His great accomplishment as historian derives from at least three firm beliefs about the art of this craft. He believed that the historian should pay close attention to research, going to primary documents wherever possible, and he made numerous trips, several across the Atlantic, to examine primary sources. He believed the historian should pay strict attention to developing his work dramatically and should closely observe the proportions of the various sections. He believed, finally, that the proper style of historical writing should be vigorous, without studied prettiness or “tricks of rhetoric.” As a consequence of these basic tenets, Parkman’s works remain readable and lively today.

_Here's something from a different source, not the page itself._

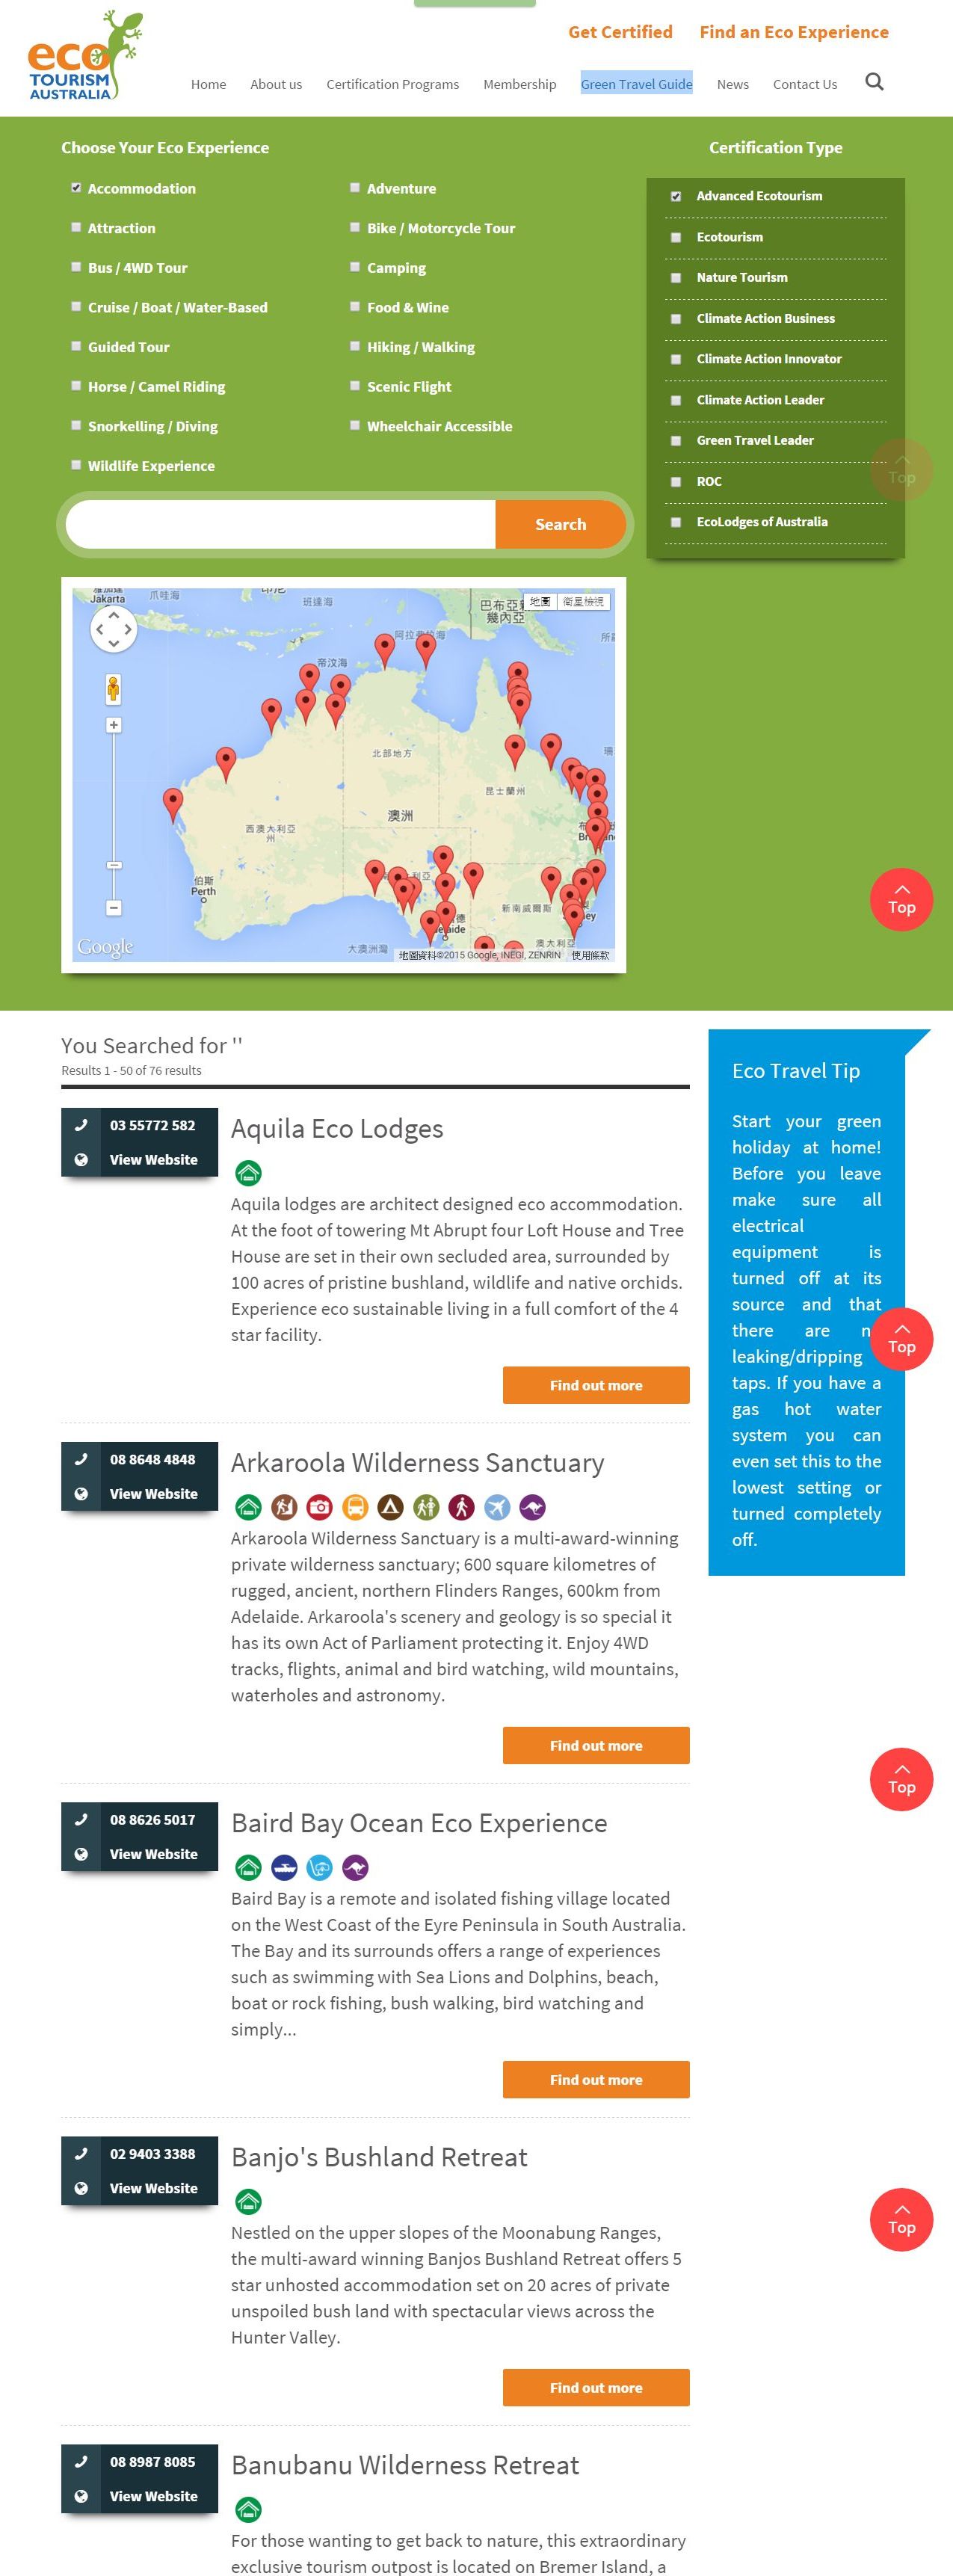 澳洲生態旅遊協會生態標章業者搜尋頁Green Travel Guide-201508-裁切.jpg - 日誌用相簿

THE OLD REGIME IN CANADA is the fourth of a series of works known collectively as FRANCE AND ENGLAND IN NORTH AMERICA, published in eleven volumes from 1851 to 1892. It reveals his biases and prejudices typically. He disdained commerce, cared little for democracy but hated tyranny, loved the good old days when men were men, was a political reactionary. As Parkman says in his book, “My political faith lies between two vicious extremes, democracy and absolute authority, each of which I detest, the more because it tends to react into the other.” Although he did not “object to a good constitutional monarchy, he preferred a conservative republic.” Further, he obviously respected Englishmen more than he did Frenchmen, and he had greater regard for Protestantism than for Catholicism.
THE OLD REGIME IN CANADA begins with a Preface that sets the tone, a quotation from the nineteenth century French critic of America, Alexis de Tocqueville: “The physiognomy of a government can best be judged in its colonies, for there its characteristic traits usually appear larger and more distinct. When I wish to judge of the spirit and the faults of the administration of Louis XIV, I must go to Canada. Its deformity is there seen as through a microscope.” Parkman’s volume is an attempt to show by what methods the monarchy of France “strove to make good its hold (on North America), why it achieved a certain kind of success, and why it failed at last.”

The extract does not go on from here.